What are the causes of the increased demand and what measures could governments and individuals take to respond to this problem?
范文里有一段这么写的:
Firstly,population explosion is the factor of utmost importance,which has led to the global surge in potable water requirement.Secondly,increased pollution of natural fresh water reserves due to urbanisation and industrialization has compounded this demand.Furthermore,in modern times,the growing use of fresh water for activities like recreational swimming has also catalysed the surge in global water demand.
里面提到了三个观点(three ideas)
1.population explosion is the factor of utmost importance(人口爆炸增长导致了淡水资源需求的剧增)
2.increased pollution of natural fresh water reserves due to urbanisation and industrialization has compounded this demand.(淡水资源储备随着环境污染,城市化和工业化而越来越稀缺)
3.the growing use of fresh water for activities like recreational swimming has also catalysed the surge in global water demand.(与淡水有关的娱乐消遣活动导致了水资源需求的剧增)
这三个观点,看似独立实则一致。就是围绕着increasing demand of fresh water淡水资源的需求增加,再进一步解释就是围绕着“到底是什么”而导致了淡水资源的增加。
筛选essay写作观点
当我把观点罗列出来给你看,就像上面一样,你一定会觉得很容易理解,似乎并不难写。而事实上绝非那么简单,不然为什么那么多同学屡战屡败呢。
比如下面的例子,是一位同学的真实内容。贴给大家看希望你们体会体会,对比对比,找找文章里的问题到底在哪:
Some people say that the best way to improve public health is by increasing the number of sports facilities.Others,however,say that this would have little effect on public health and that other measures are required.
Discuss both these views and give your own opinion.
其中一段是:
There are also numerous methods to tackle this issue.Keeping a regular and correct lifestyle can make people become physically healthy.For example,eating healthy food instead of junk food,such as fast foods,small snacks and so forth,allows us to gain better nutrition.In addition,it is beneficial for people's health to change their ways of going out.The Students,whose home is near to their school,go to class by riding bikes or even walking,and commuters can adopt the same approaches to going to companies.In this way,not only will people enhance their physical health but also our environments can be improved dramatically,since the green transportation may reduce air pollution.
段落中两个观点分别是:
Keeping a regular and correct lifestyle can make people become physically healthy
it is beneficial for people's health to change their ways of going out
你来理解下,是不是这两句话是一个含义呢?
“保持良好的生活习惯可以维持身体健康”以及“改变人们的出行方式对健康有好处”。出行方式不就是生活习惯的一部分吗,这么写观点会让文章绝对不会超过6分。你可千万不要嘲笑这样的段落,或许下一次你也会这么不经意的写出来。之所以犯这样的错误,就是因为在整理观点时没有筛选出有效的观点!

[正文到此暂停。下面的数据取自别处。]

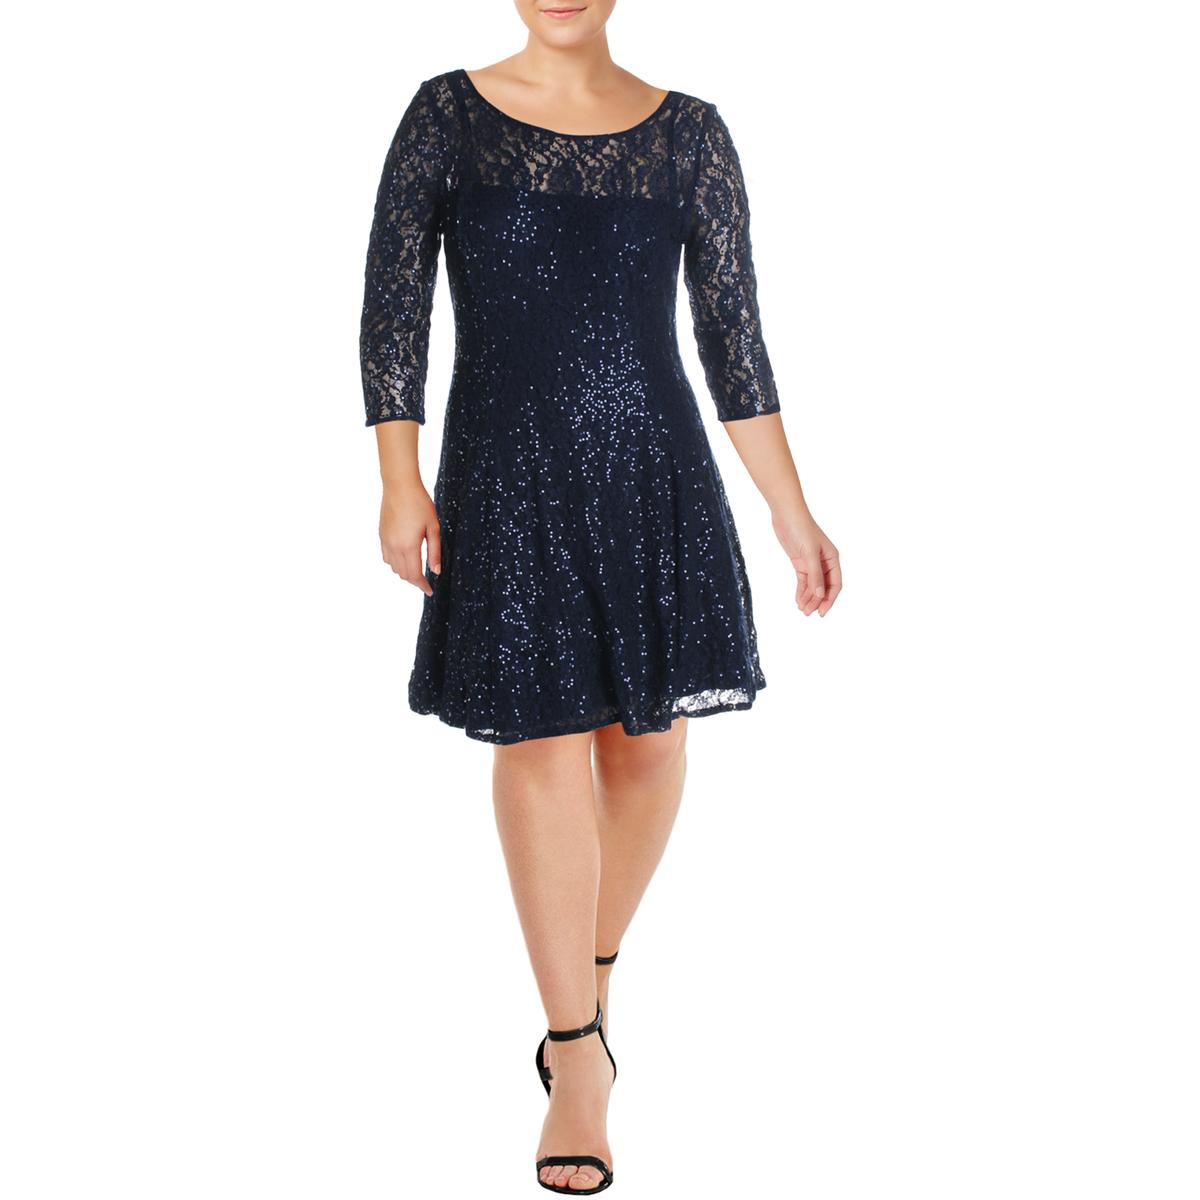 SL Fashions Womens Navy Lace Overlay Sequined Cocktail Dress BHFO 5075 ...

我会如何写这一题呢,如果需要围绕主题罗列几个不同的观点,我会这么写:
Firstly,physical and psychological benefits created by sports activities contribute to a better healthy body.Regular practice of games like badminton and basketball increases the heart rate and burns the deposited fat from the body that in turn can help improve the health of the individuals.Furthermore,engaging in games can improve the concentration and relieve stress accumulated at the workplace.Thus,sports related activities helps the people in leading a healthy lifestyle.
如果只有一个观点,我会这么写:
On the one hand,some people think that the best solution in improving public health is by providing a lot of sports facilities in the society.The existence of jogging tracks facilities,athletic fields,basketball hall or football ground in residential areas would trigger the residents in doing some exercises.With the increasing number of people who do physical exercises,it is expected that the rate of several diseases which are caused by unhealthy lifestyles,such as diabetics,heart attack or obesity would be reduced.Consequently,public health expenditures would be declined and could be allocated for other important aspects such as education or public transportation.
举了那么多例子,小编只想强调一点:每一段只能有一个topic!允许你有多个opinions,但是要注意这些opinions一定要紧紧围绕在topic周围,同时还要从不同角度出发去思考,有同学会说想不出许多观点怎么办?那只能从一个观点出发,去思考reason,effect,example和结论,就像上面的例子那样。essay考验的是写作能力,写作能力代表的就是思考能力。多动脑绝对是提高写作水平的最佳方法!